Motif—The repetition of an element in ways that acquire symbolic meaning for the element. An motif can be a technical feature (a shot angle, a lighting set up), a sound or piece of dialogue or music, or an object.
Parallelism—Two or more scenes that are similar to each other but which gain meaning because of their differences.
Characterization—Who are the central characters? How are minor characters used? Are characters thinly or fully drawn, and why? Who in the audience is meant to relate to which characters, and what sort of emotion (fear, pleasure, anxiety) are audience members meant to feel because of this identification? Is there a clear or ambivalent hero or villain? What values do the characters represent, and do they change during the film? Are the characters meant to play a particular “type” and do they play against type at any time?

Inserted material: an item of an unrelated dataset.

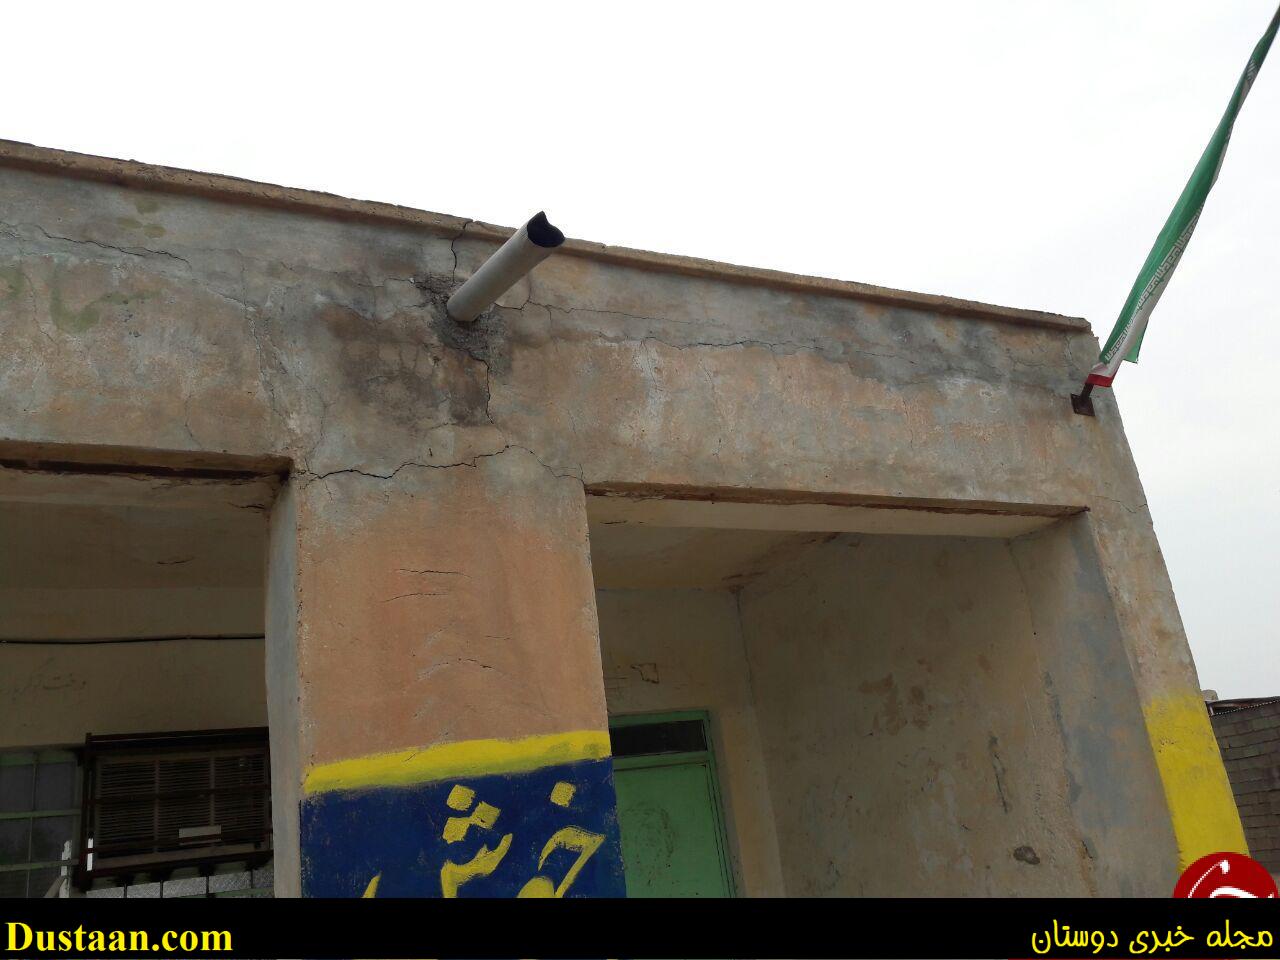 سایه سنگین سقف های لرزان بر سر دانش آموزان روستای ابید + تصاویر

Point of view—Is the film in general told from a particular character's point of view, or is it “objective”? Is the film's perspective primarily intellectual or emotional, visionary or “realistic”? Within the film, is a particular shot viewed from a character's point of view ("subjective shot"), and how does the camera technically reinforce the point of view? Who is the audience meant to be focusing on at a particular moment?